━━ Materials provided

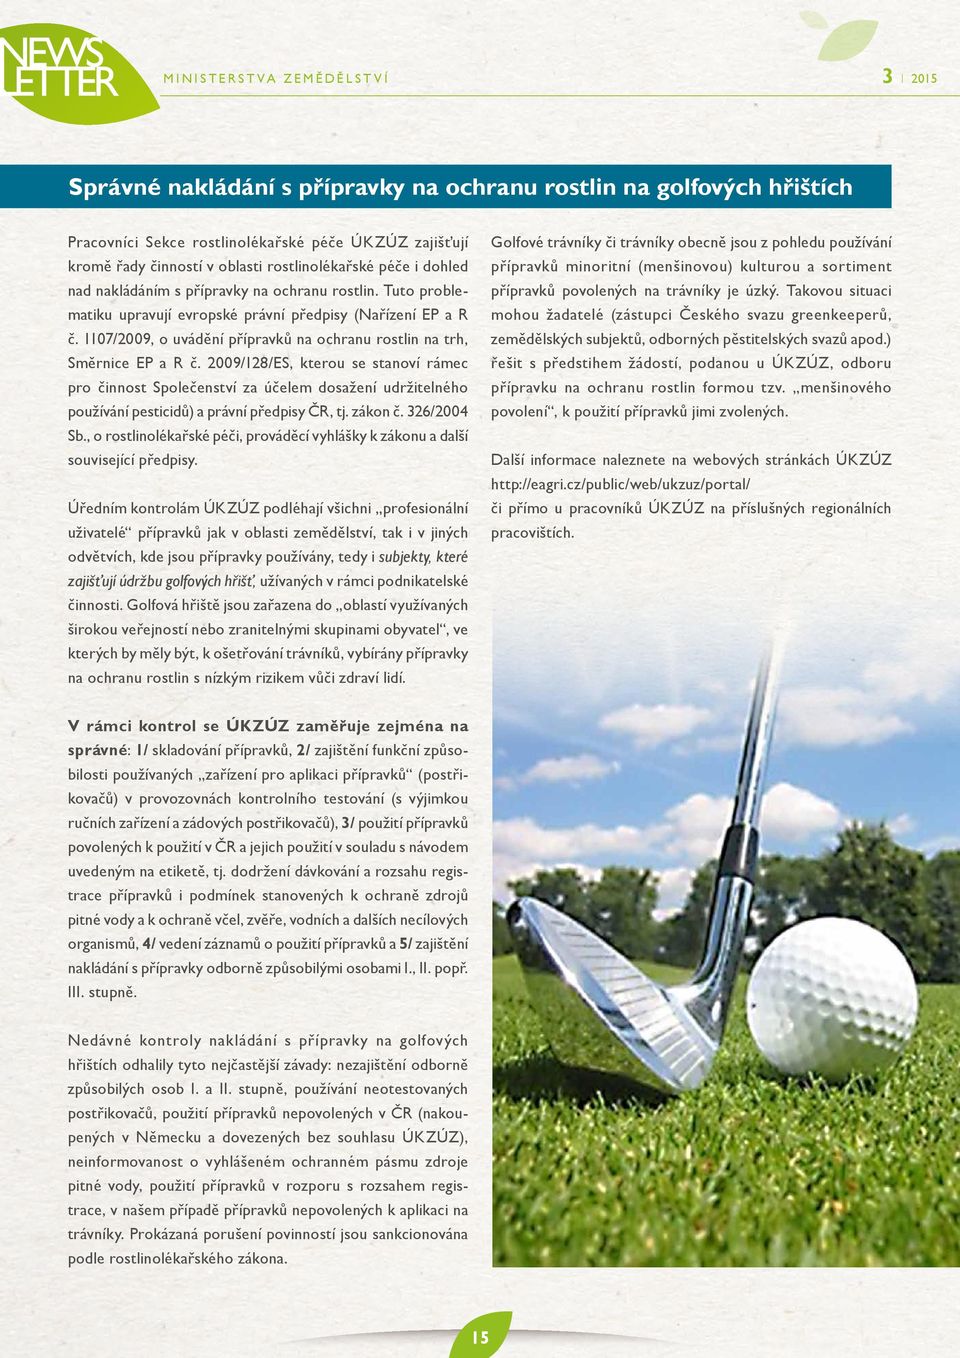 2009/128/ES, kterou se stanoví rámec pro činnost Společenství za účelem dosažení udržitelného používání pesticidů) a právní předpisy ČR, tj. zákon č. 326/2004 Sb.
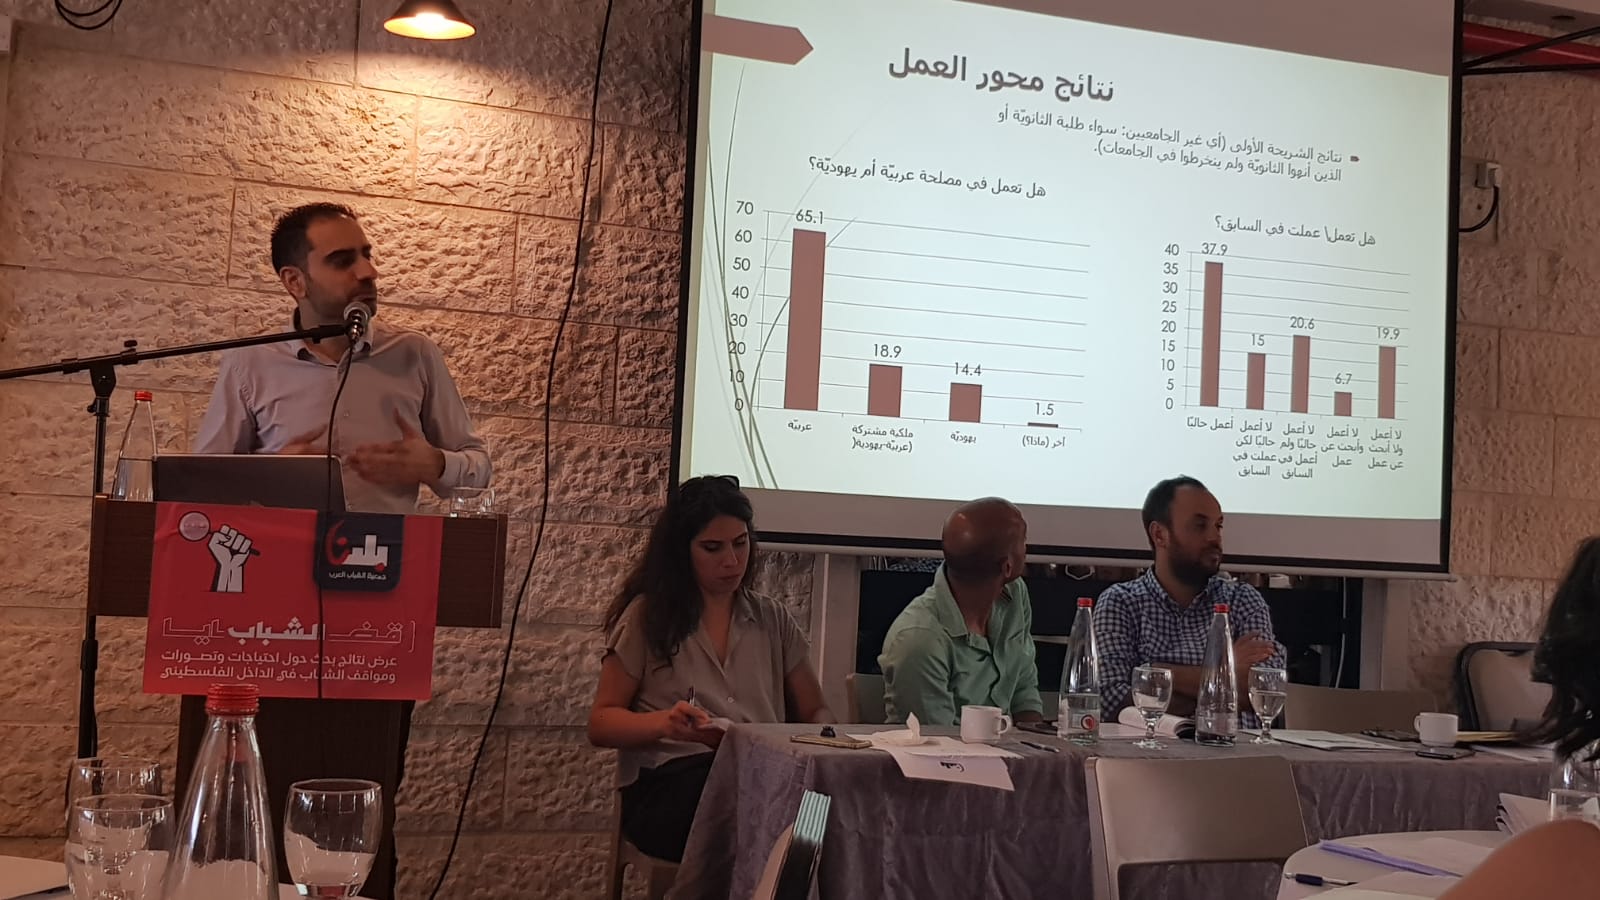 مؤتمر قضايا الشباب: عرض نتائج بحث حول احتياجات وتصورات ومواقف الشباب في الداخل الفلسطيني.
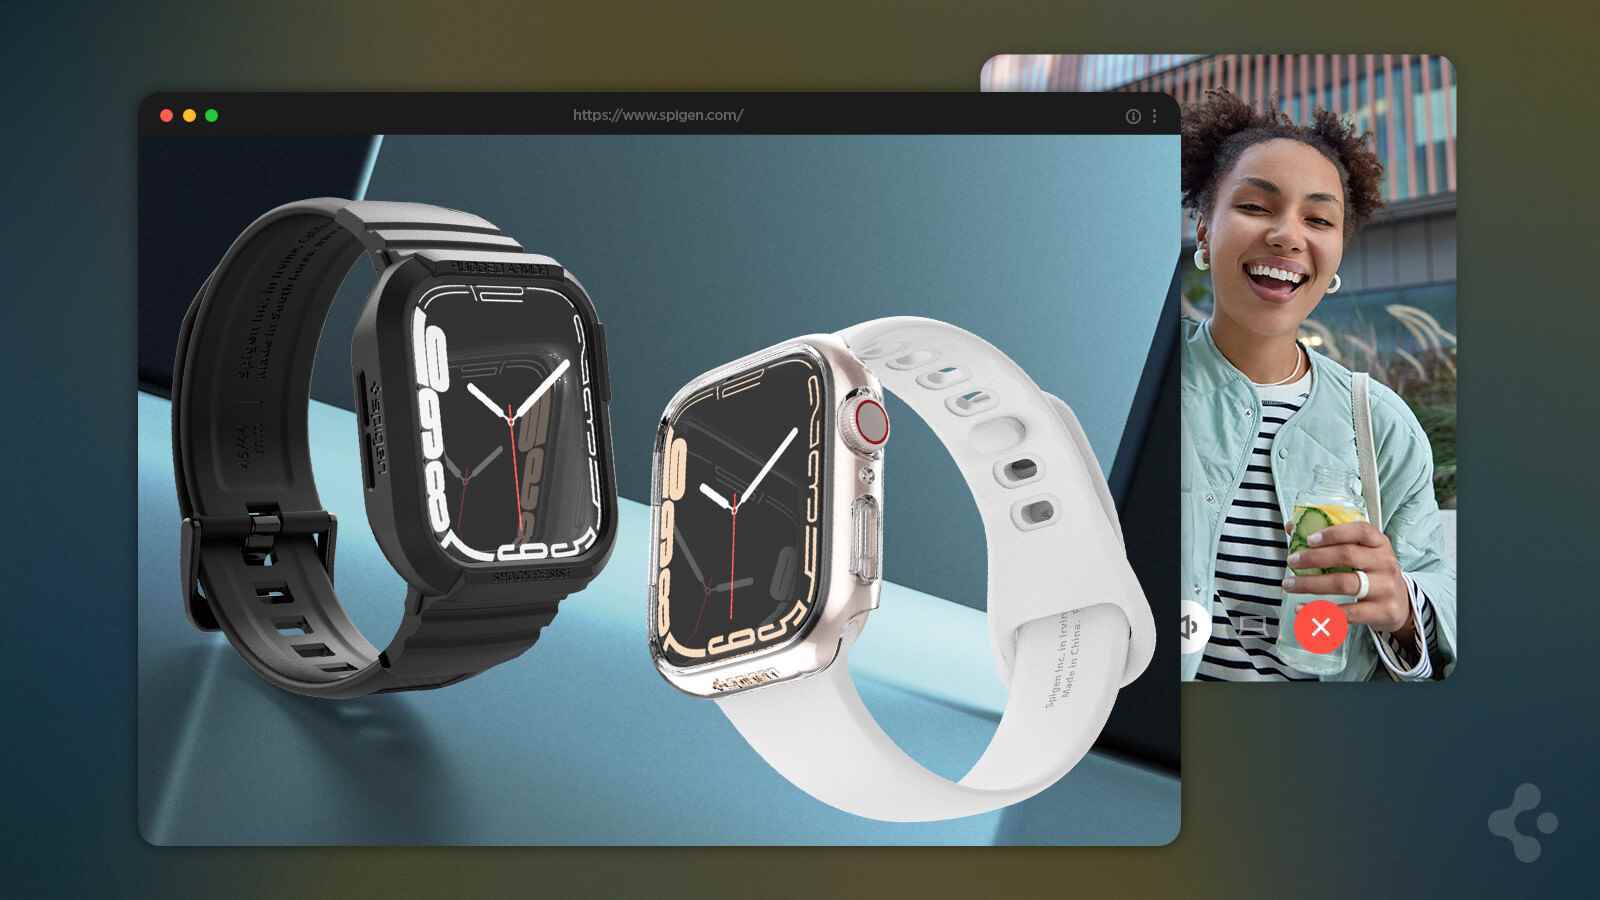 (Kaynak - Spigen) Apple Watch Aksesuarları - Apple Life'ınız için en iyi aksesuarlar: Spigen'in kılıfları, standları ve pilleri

━━━━
━━ Materials provided

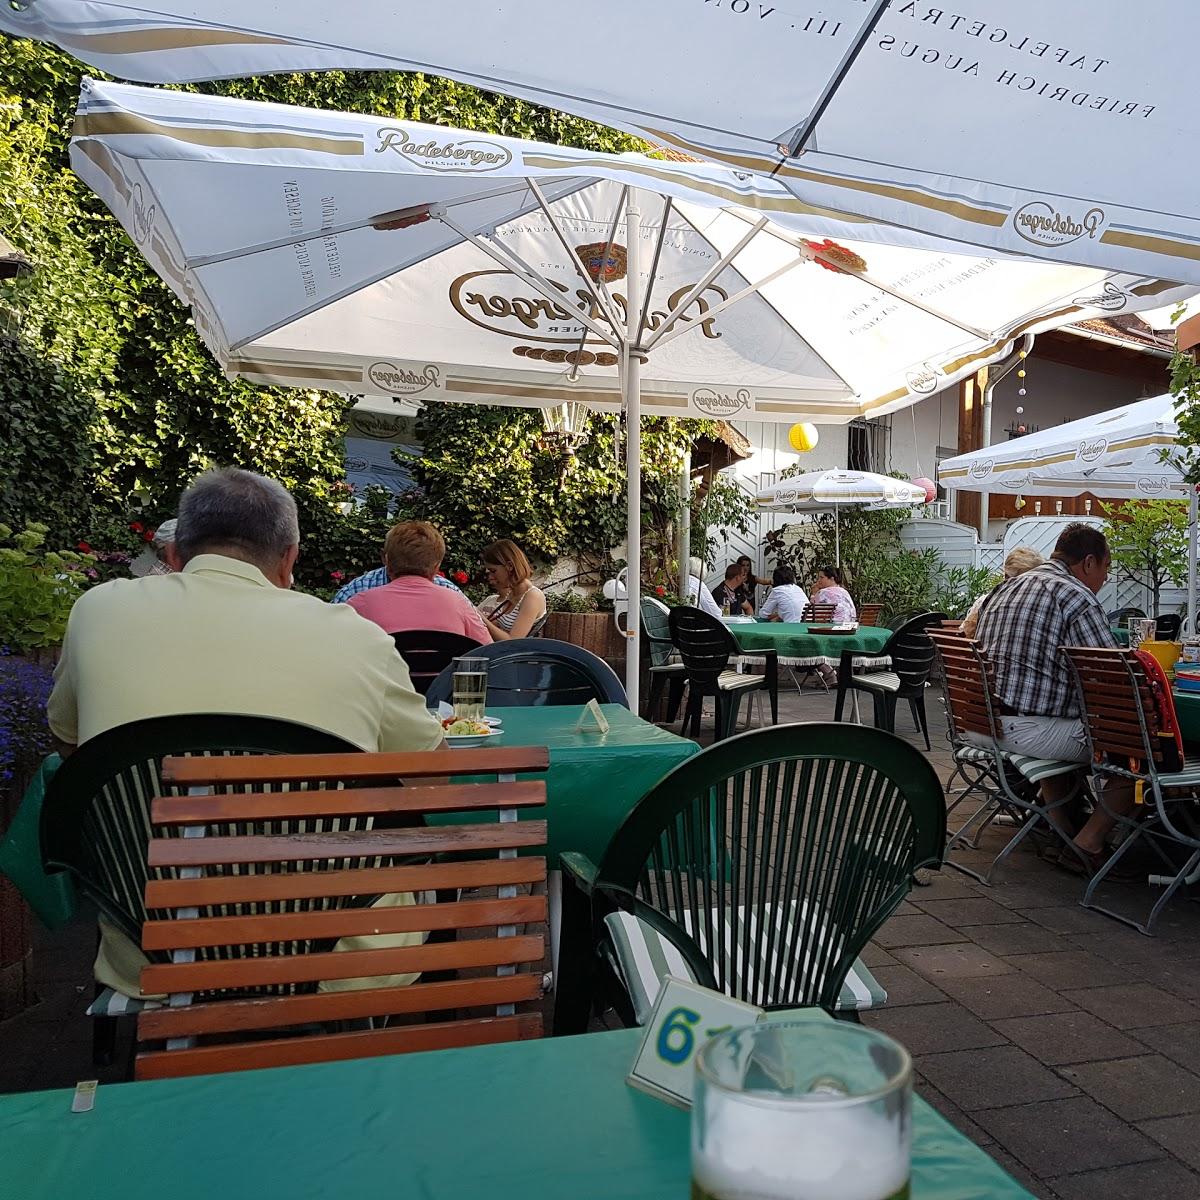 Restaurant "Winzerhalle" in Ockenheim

━━━━

§ Problem statement: Could you output exactly the lines above, from the line with "2009/128/ES, kterou se" up to and including the line with "(Kaynak - Spigen)", and nothing else, skipping the pictures?

§ Exercise response:
 2009/128/ES, kterou se stanoví rámec pro činnost Společenství za účelem dosažení udržitelného používání pesticidů) a právní předpisy ČR, tj. zákon č. 326/2004 Sb.
 مؤتمر قضايا الشباب: عرض نتائج بحث حول احتياجات وتصورات ومواقف الشباب في الداخل الفلسطيني.
 (Kaynak - Spigen) Apple Watch Aksesuarları - Apple Life'ınız için en iyi aksesuarlar: Spigen'in kılıfları, standları ve pilleri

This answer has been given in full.